蕭融的眼神向下移了移,僅僅暴露在空氣中這麼一點時間,他就感到手上的皮膚已經發緊,本來年輕又細膩的表面此時布滿了細小的白色紋路,青色的血管也越發明顯起來。
他是個南方人,但他現在也有一雙北方人的手了。……
不等他再思考什麼,聽完東方進匯報的屈雲滅已經高喊出發,蕭融瞬間抬頭,跟著其他的萬千將士一般,都用力的抖動了一下韁繩,然後大喊:「駕!」*
好馬日行千里,而古人點評一匹馬算不算極品,要看它能不能日行八百里。但這是不是真的,人們也很難去求證,因為沒人會為了看看這馬能不能日行千里,就真的讓它十二時辰不間斷的跑,等馬跑完了,估計不死也廢了。
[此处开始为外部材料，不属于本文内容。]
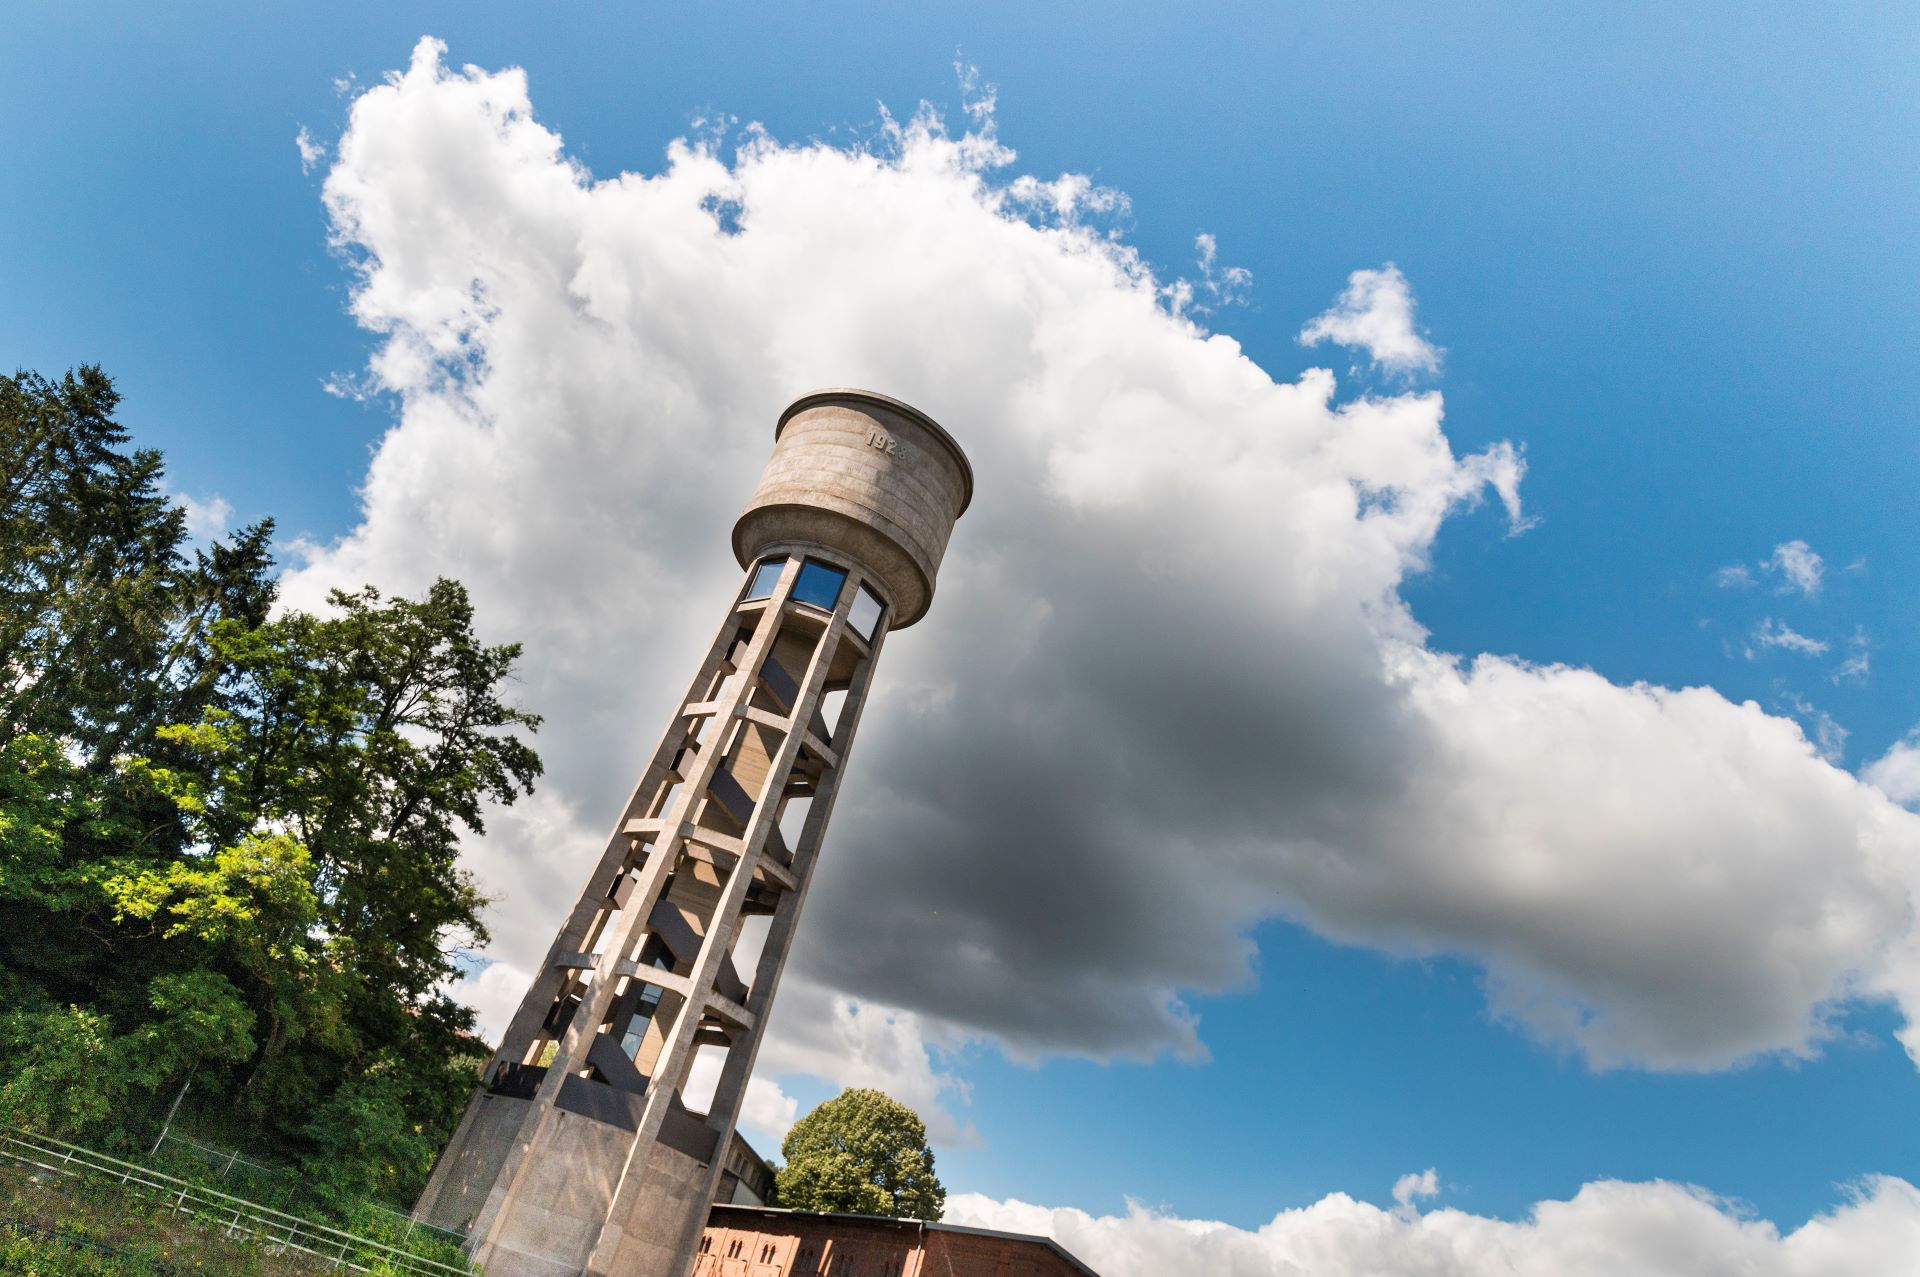 Ein Wasserturm, der eine der Steichen-Fotokollektionen beherbergt, ist vor einem blauen Himmel mit weißen Wolken abgebildet. Im Hintergrund sind Bäume zu sehen.

所以這句話相比於一句事實,更像是一個形容詞,一個人若想騎馬日行八百里,中間必須換最起碼三次馬匹,這還只是他一個人而已,如果人多了,那速度肯定又要下降。
人越多,行進的速度就越慢,屈雲滅的兵已經算是這個時代最能跑的兵了,當初光嘉皇帝可是在逃命的路上,結果他南遷的過程還持續了整整半年。為什麼?因為光嘉皇帝吃不了持續行進的苦,只要當地還算安全,他就要停下來休息一段時間,大臣們自然是不敢停,所以日日催、夜夜催,好不容易才催得他老人家再次啟程。
若是沒有鮮卑人在後面追著,他怕是能直接走上三年。
這看起來太離譜了,半年難道鮮卑人還追不上來麼,可他們還真就沒追上來過,因為形勢複雜、因為有人不斷的拼命保護這位雍朝的最後一個君主,而那些人為了這個草包,是真的悍不畏死。……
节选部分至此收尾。